### Data for this task
::::::
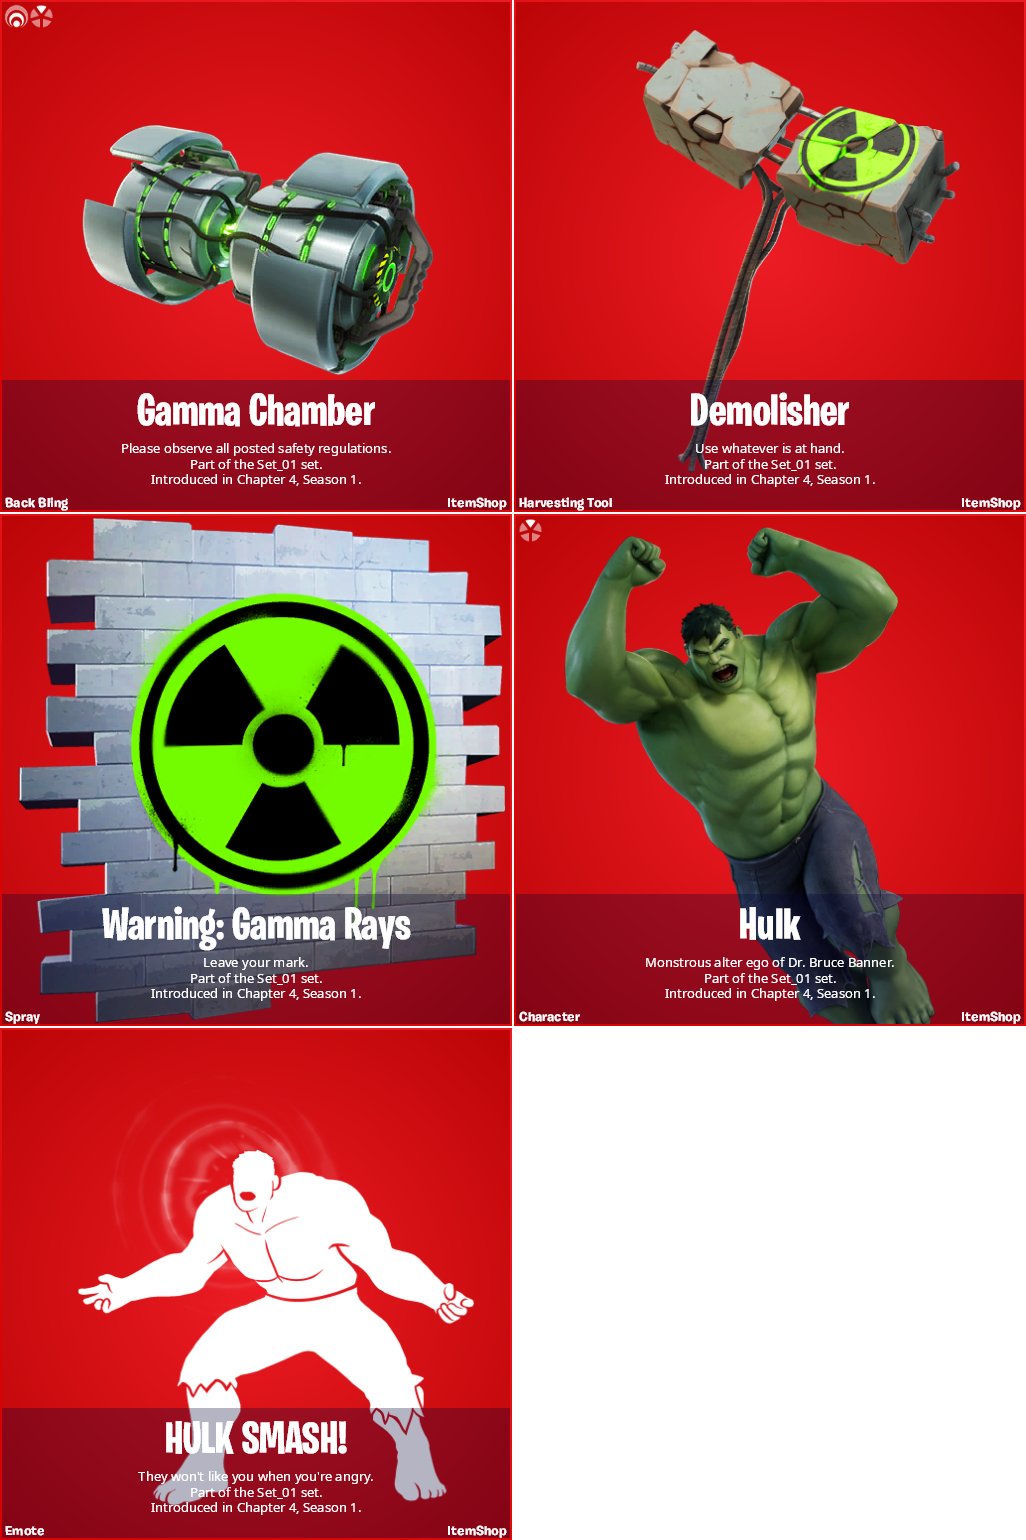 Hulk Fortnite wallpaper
::::::
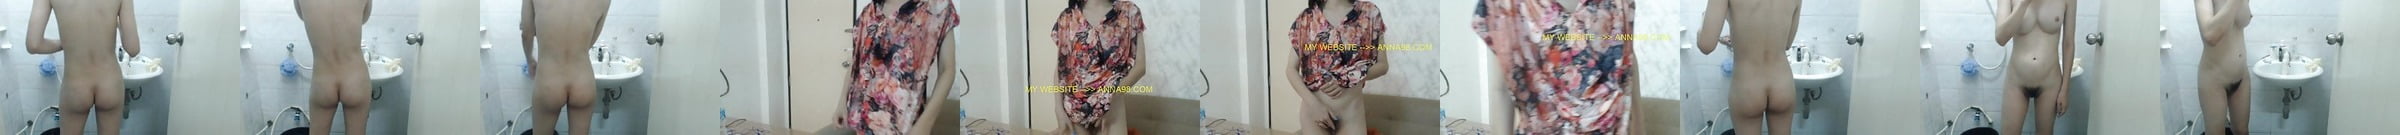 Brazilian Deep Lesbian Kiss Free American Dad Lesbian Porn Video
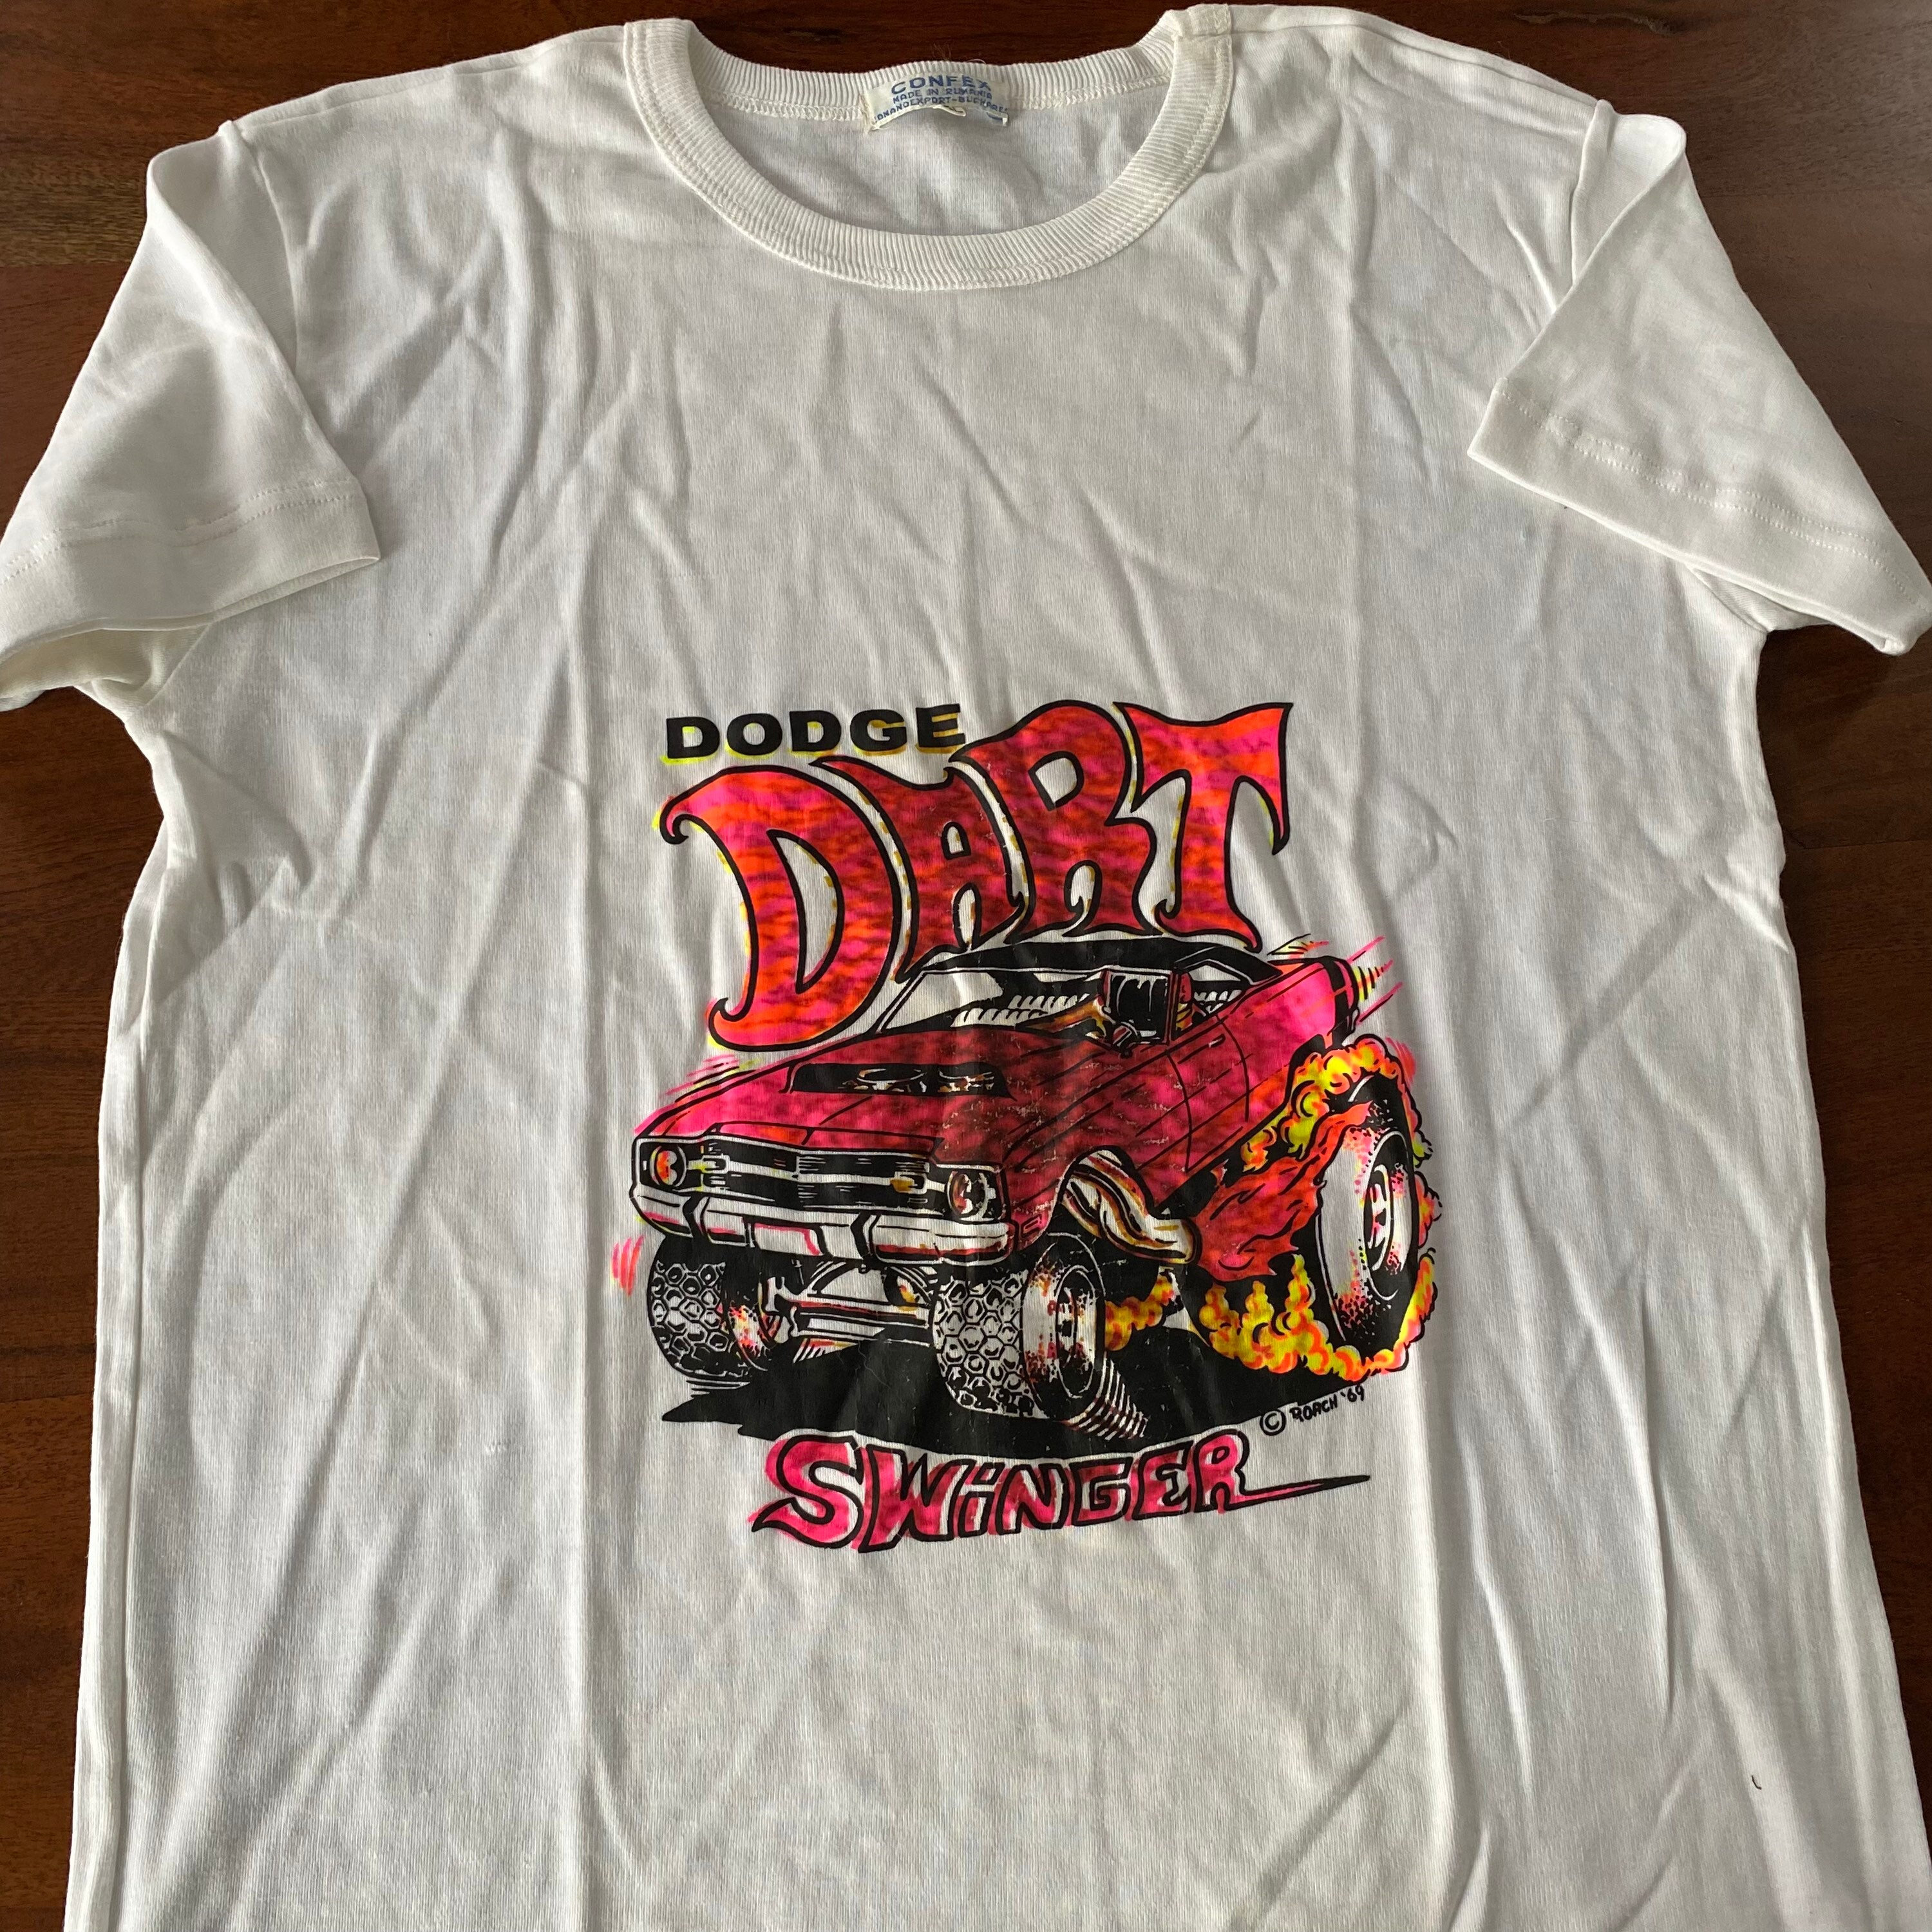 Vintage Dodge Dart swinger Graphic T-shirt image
::::::
### Description of the task
Only one stretch of the material above is wanted: the line containing "Brazilian Deep Lesbian" through the line containing "Vintage Dodge Dart". Restate it word for word, minus the pictures.

### Exercise solution
 Brazilian Deep Lesbian Kiss Free American Dad Lesbian Porn Video
 Vintage Dodge Dart swinger Graphic T-shirt image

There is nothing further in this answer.